Data shown.
· · · · · · ·

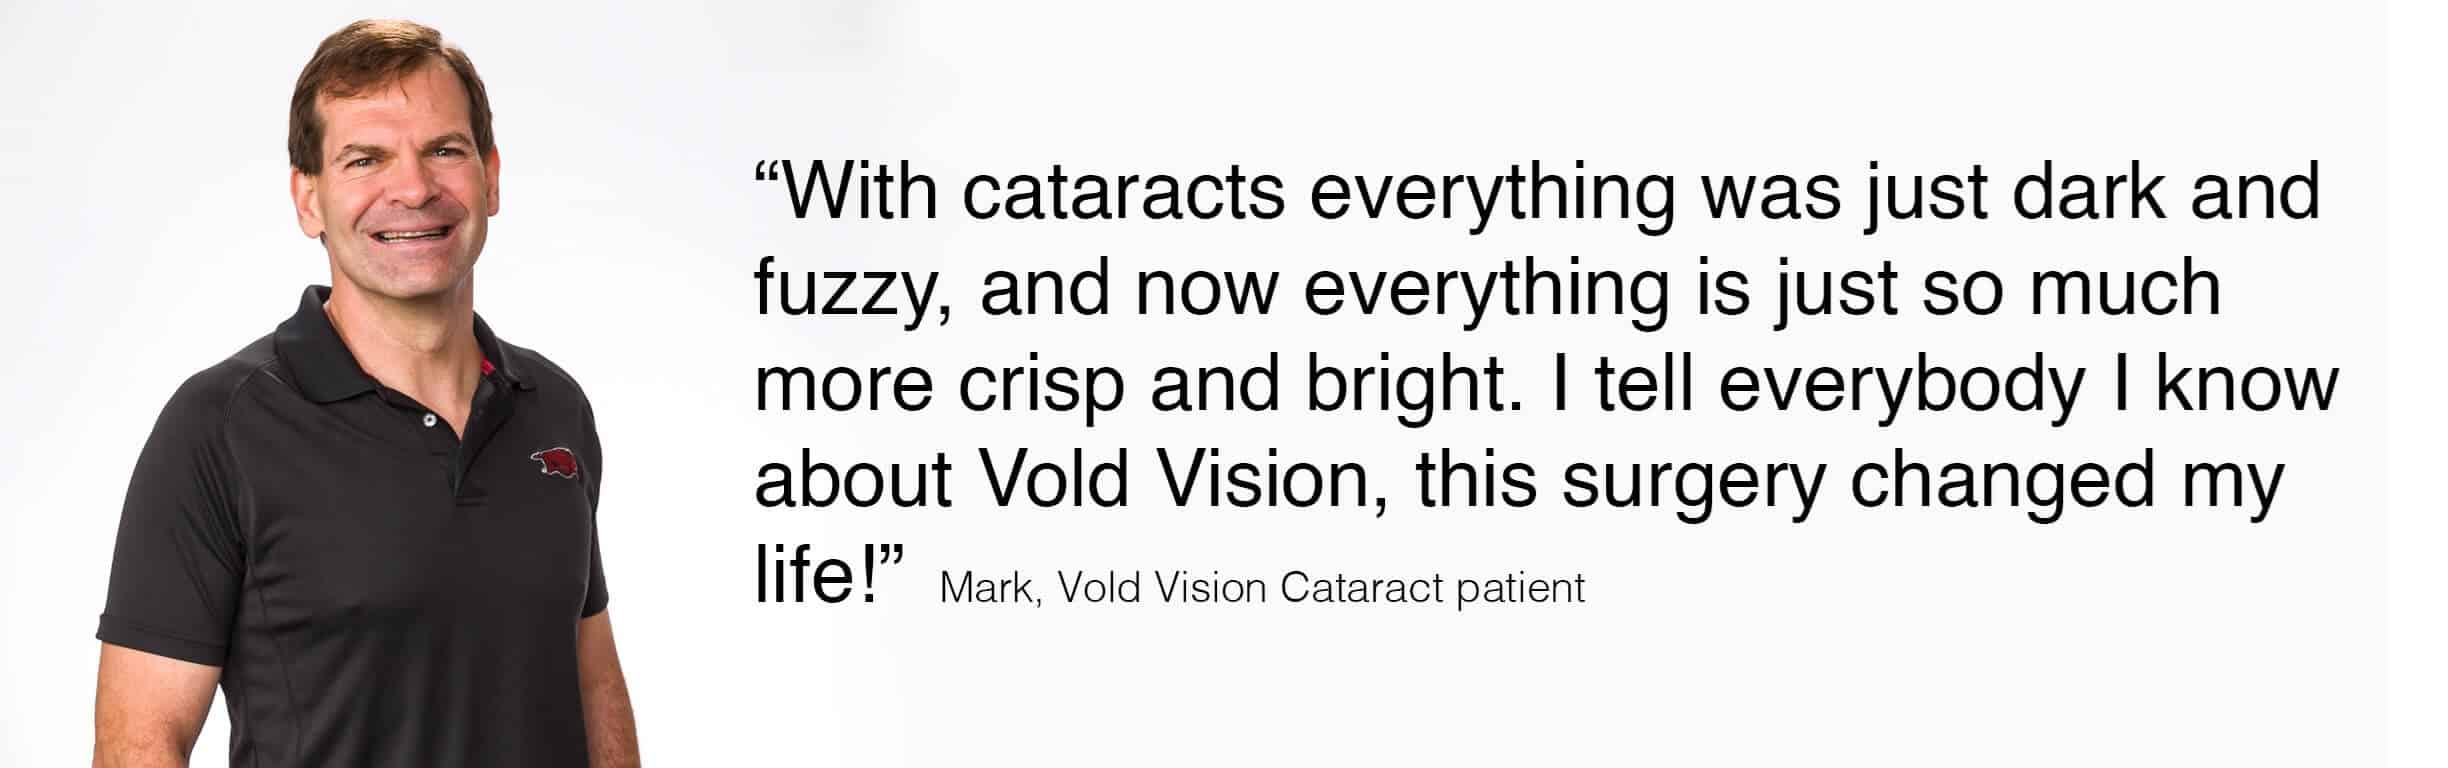 , Cataract, Vold Vision
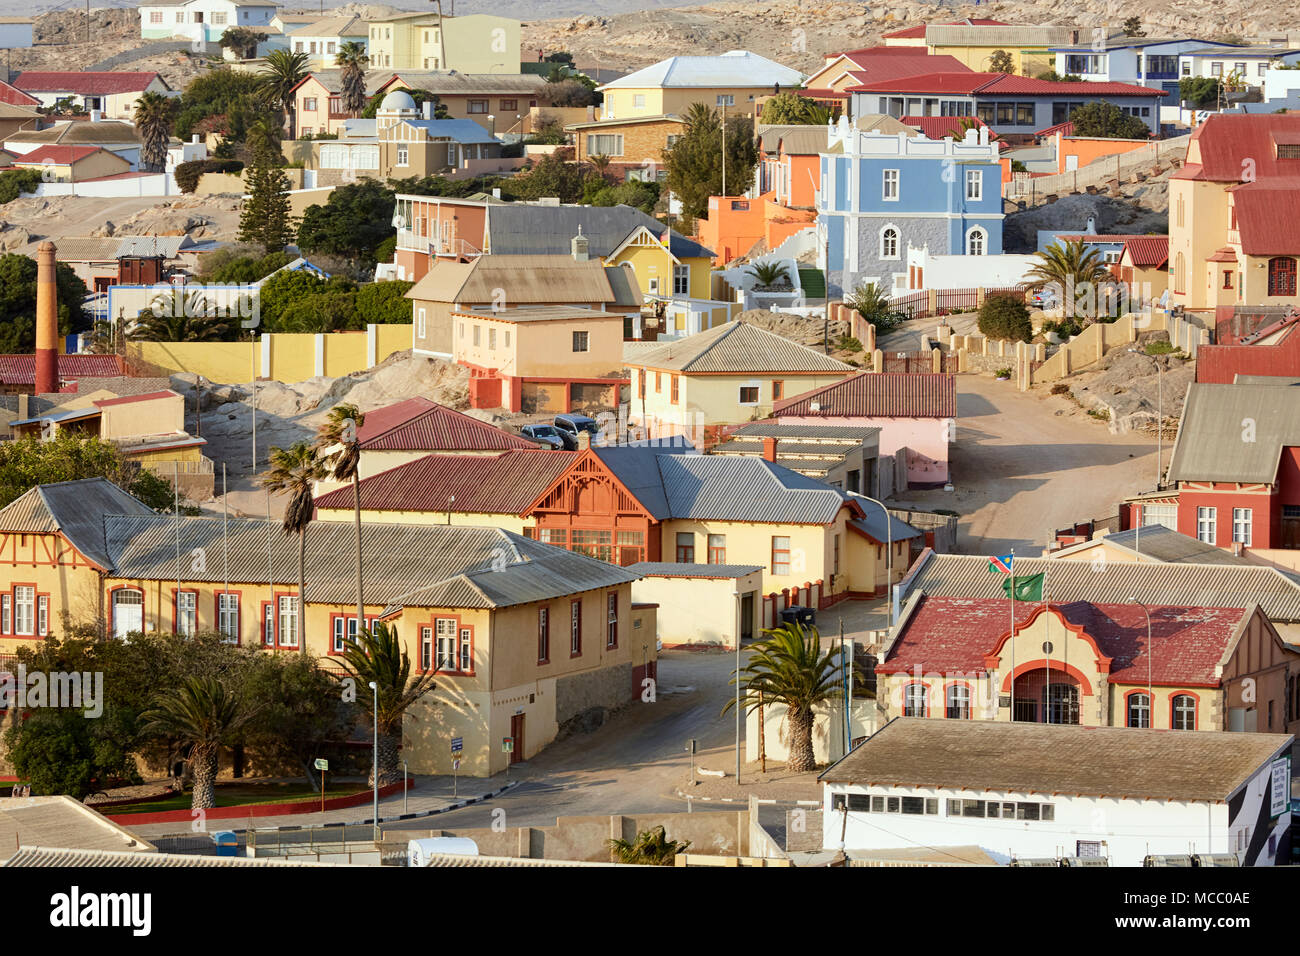 Vista aerea di Luderitz mostra case colorate in Namibia, Africa Foto Stock
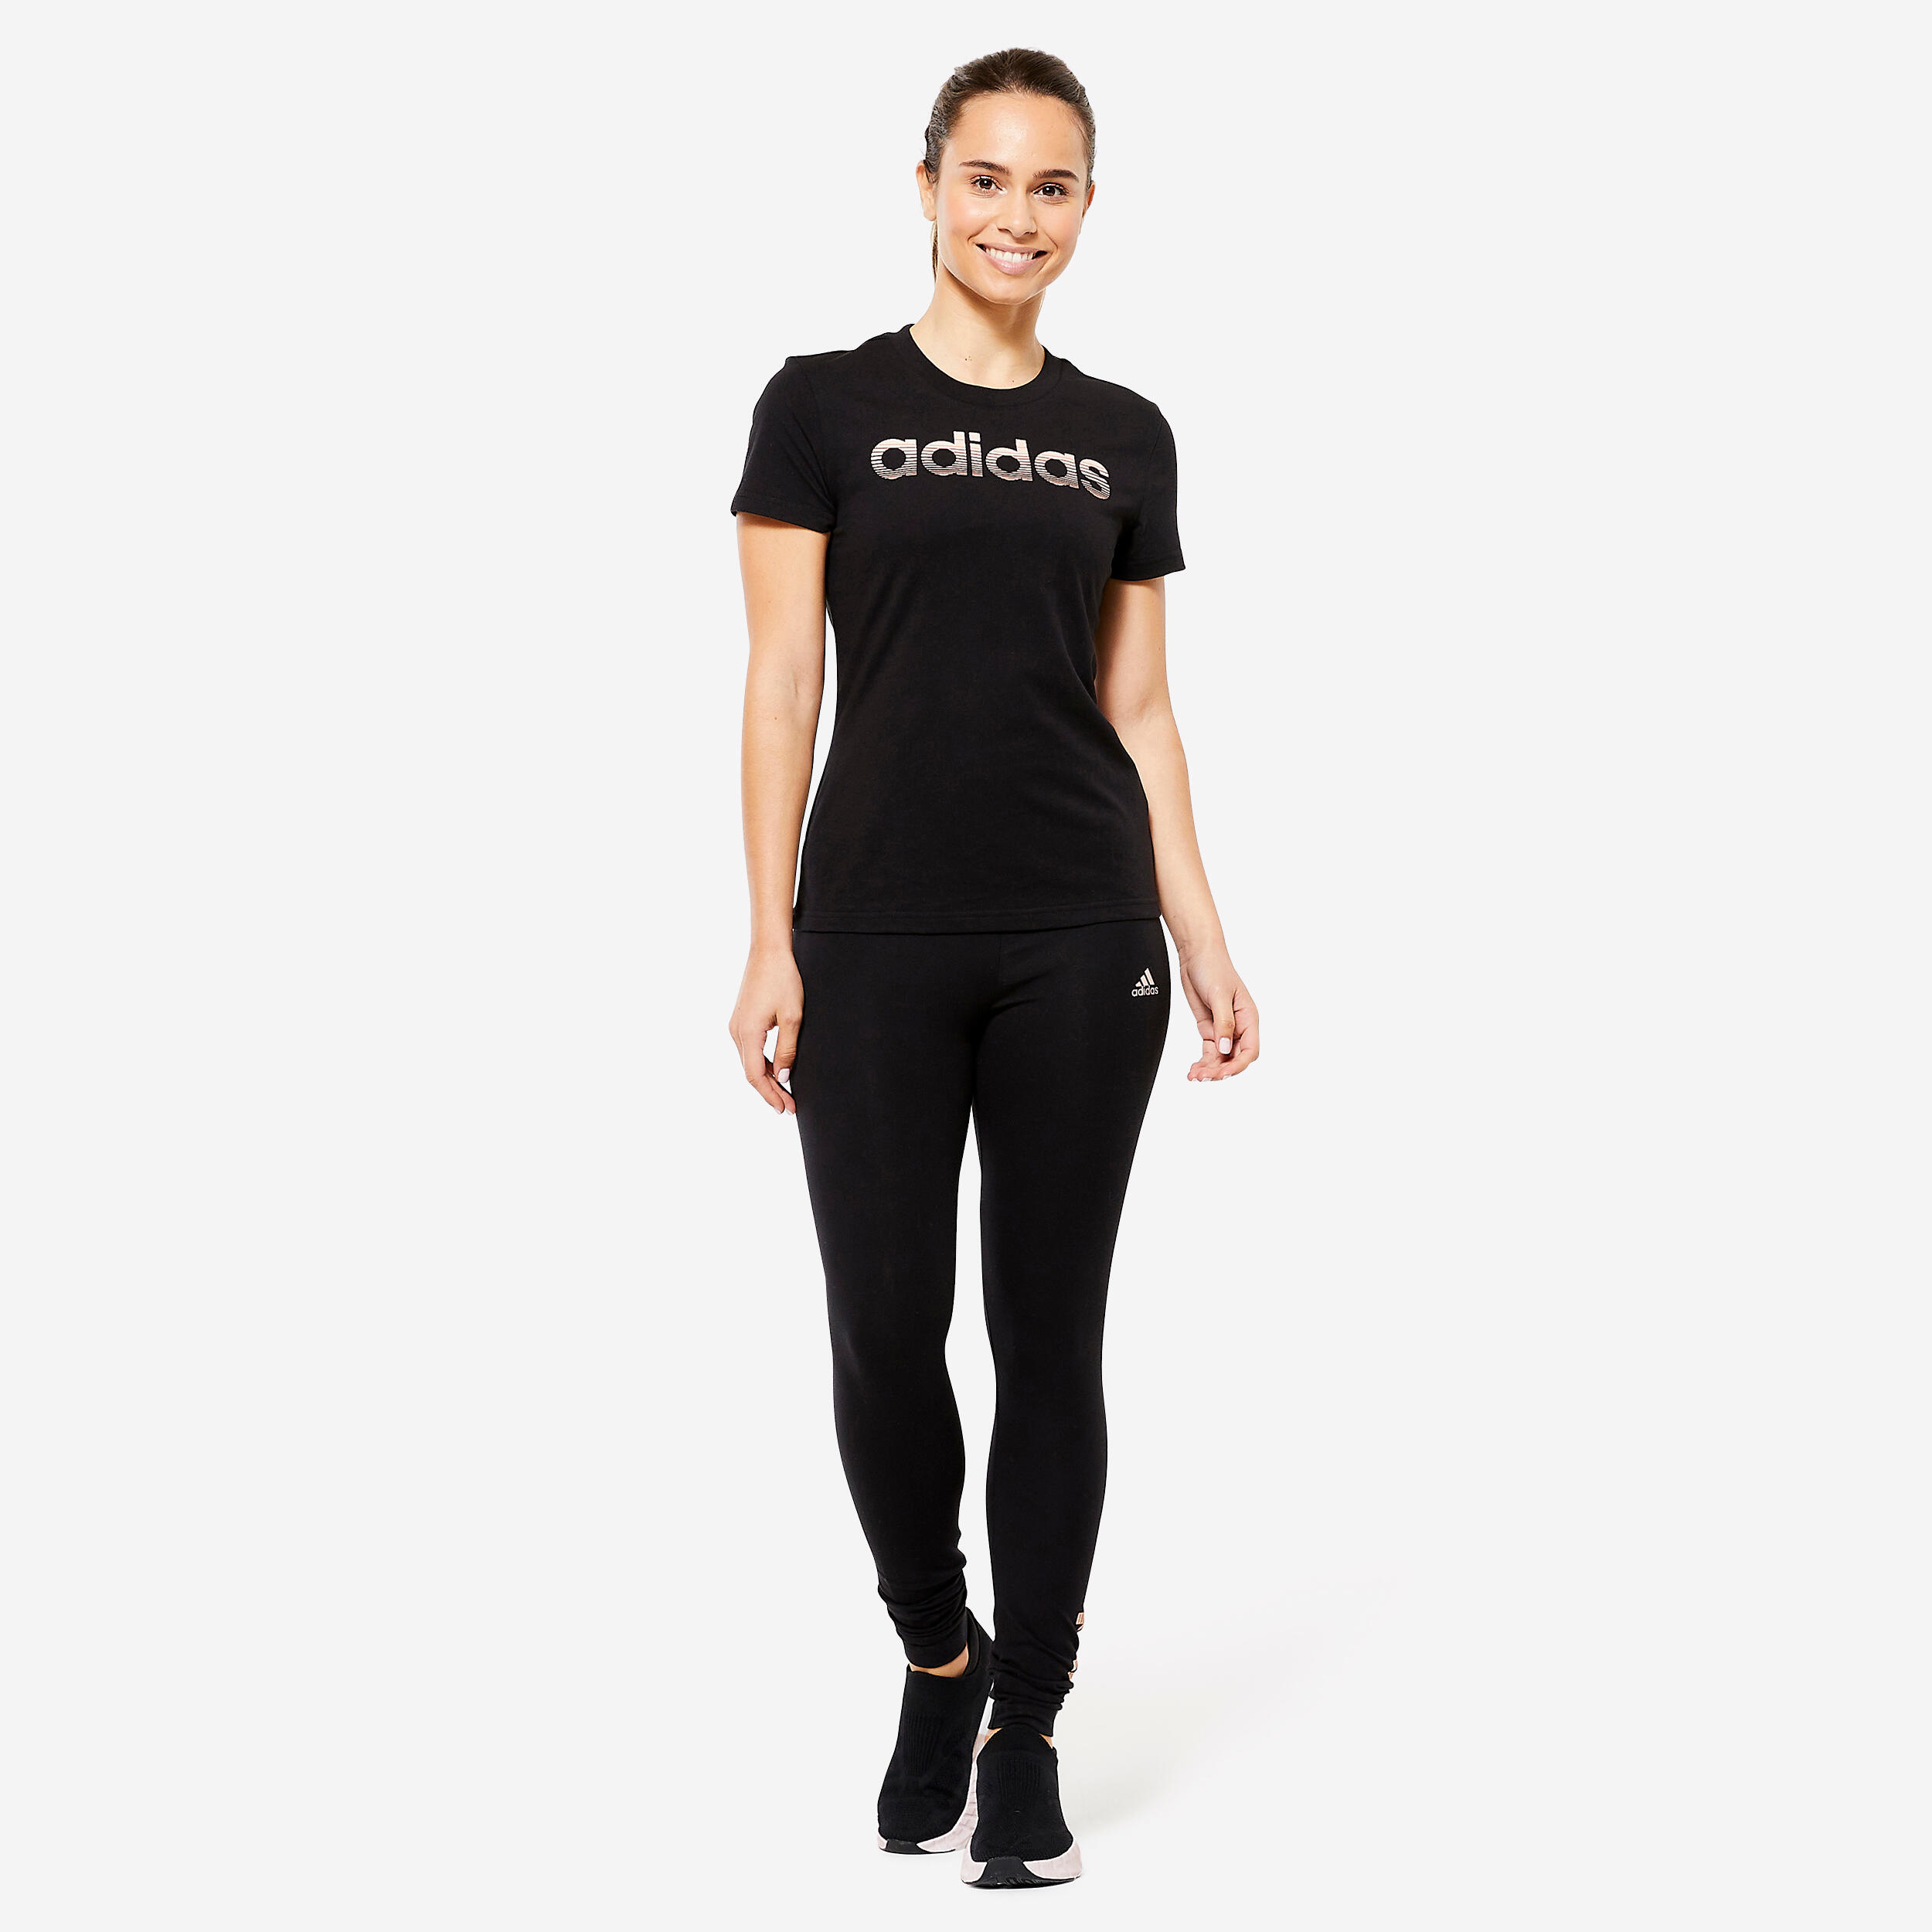 Women's Low-Impact Fitness T-Shirt - Black 2/6

· · · · · · ·

Everything in the data must be printed verbatim except the pictures.

Answer area.
 , Cataract, Vold Vision
 Vista aerea di Luderitz mostra case colorate in Namibia, Africa Foto Stock
 Women's Low-Impact Fitness T-Shirt - Black 2/6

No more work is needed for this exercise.